A simple 1000 disc production could already cost $8k for just disc production, according to an article on DVDA.org which explains all the fees that have to paid in order to even start producing Blu-ray.

In order for High Definition and Blu-ray to become a succes, content makers are essential. Besides big Hollywood studios there also many smaller independent content producers with low volume disc productions. For them Blu-ray might be just too expensive, mainly due to the obligated AACS copy protection on the discs.

Currently, if you even want to start replicating a Blu-ray disc you will have to pay AACS a one time content fee of $3000 to get you started. Then there is a fee per title of $1300 and another $0.04 per disc. Replication of the disc will set you back about $2 per single layer disc and then you just have a disc. Costs of editing and authoring etc. are not even in there.

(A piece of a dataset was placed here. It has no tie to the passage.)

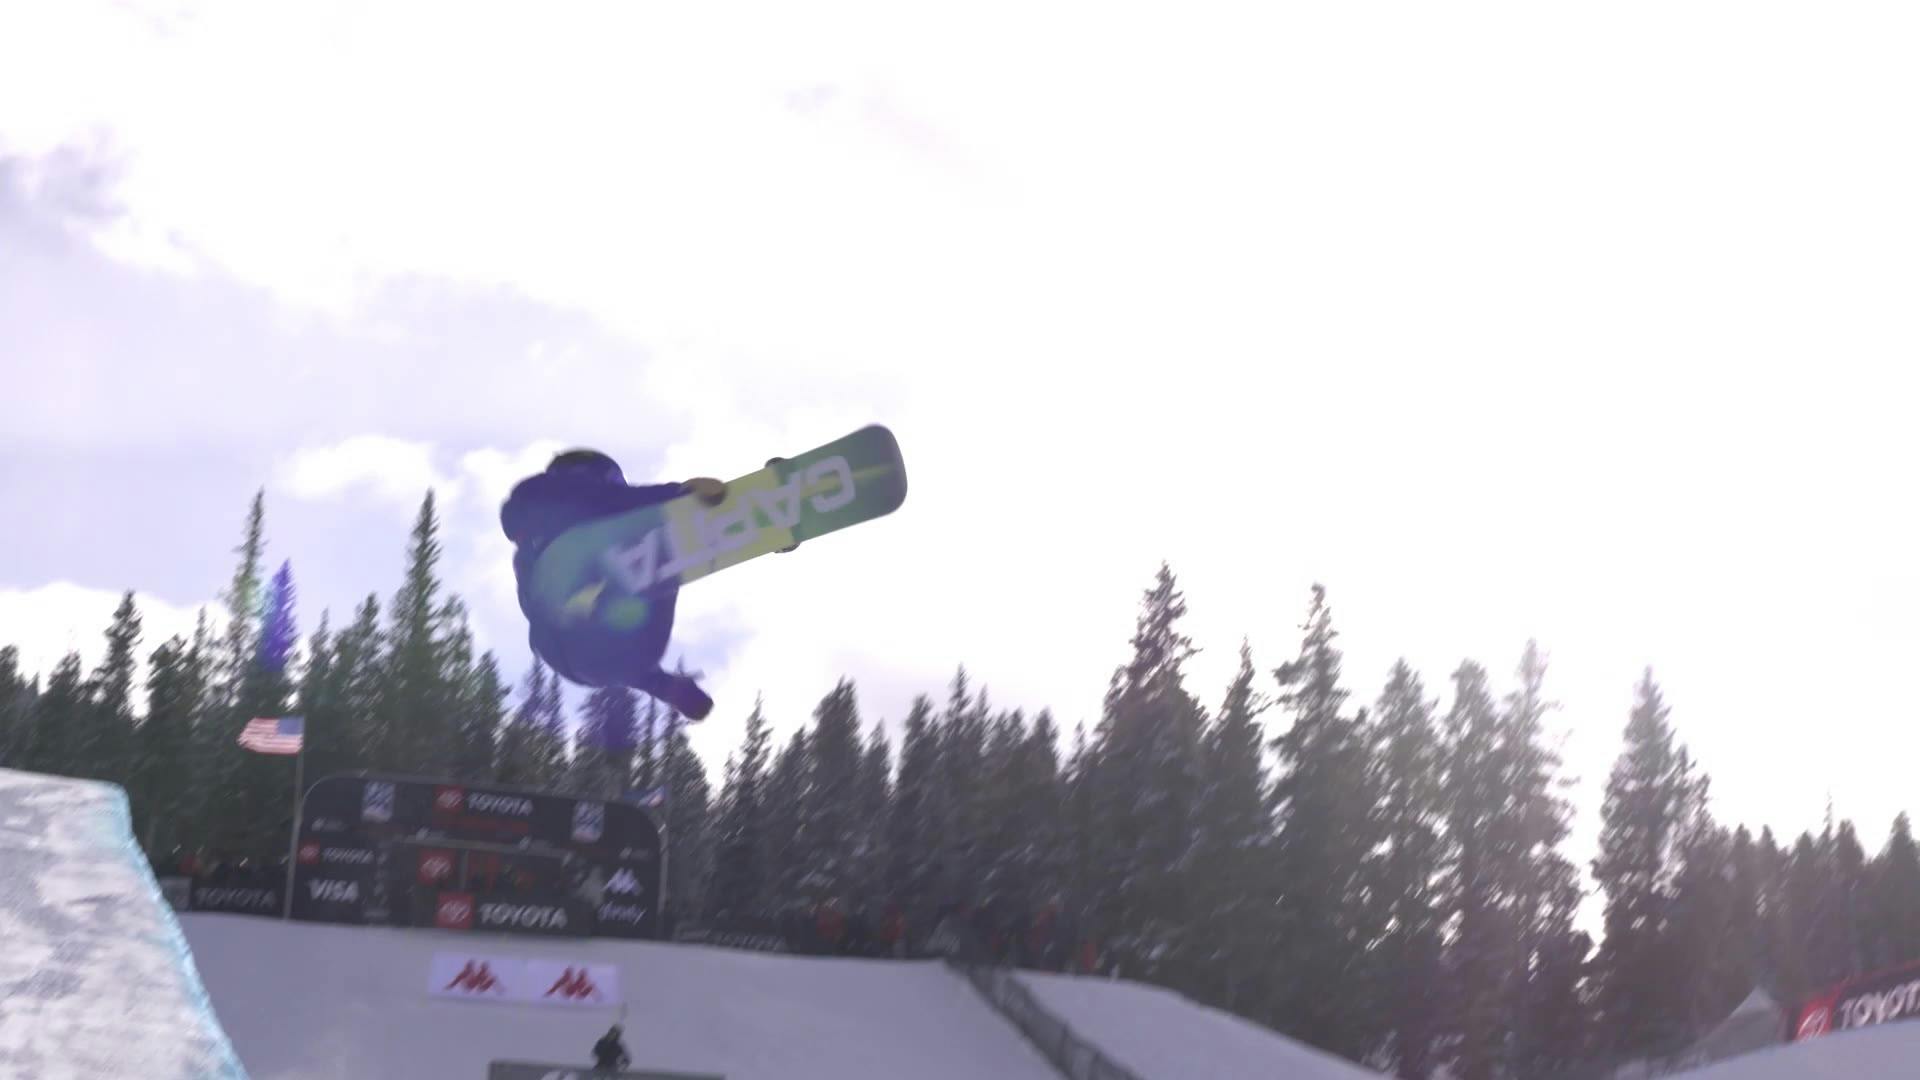 Toyota U.S. Grand Prix Copper Mountain: Men's & Women's US Snowboard World Cup Halfpipe Highlights | USSS Event Replays

A calculation of the author of the article estimated about $13k for 1000 Blu-ray discs, which is a large amount of money for a small film maker.

Even if you were thinking to distribute your movies on recordable Blu-ray discs then you'll have to purchase BD-R discs, which are about $15-40 a disc currently, even more expensive.

An option would be to make AACS optional, it would certainly make it much cheaper, and who needs AACS on a large set of wedding videos?

Source = http://www.cdfreaks.com/news/AACS-makes-Blu-ray-too-expensive-for-small-film-makers.html


For me best part is, you put billions of dollars, yet get nothing out of it. Or at least what studio wants. (To stop copy of any kind)
 
This is one of the reasons I was against BluRay. Smaller filmmakers & studios simply may not be able to afford these licensing fees on top of the existing costs of creating, editing, and then producing the discs for sale.

If AACS had been optional like region coding and BD+ then I would have been a little less against BluRay.
 
So is it safe to say that if I create a family reunion video I by law would need to pay for the AACS stuff too?
 
So is it safe to say that if I create a family reunion video I by law would need to pay for the AACS stuff too?

No.

If you recorded a reunion on high-def using a high-def digital recorder and burned it to a BD-R/BD-RE disc then no AACS is required. It is on BD-ROM discs that AACS is required. BD-ROM discs are pressed while BD-R/BD-RE are burned.

Make sense?
 
Yes thanks for the info. I am with the majority here and can only hope that CH-DVD may prevail now but not going to hold my breathe either.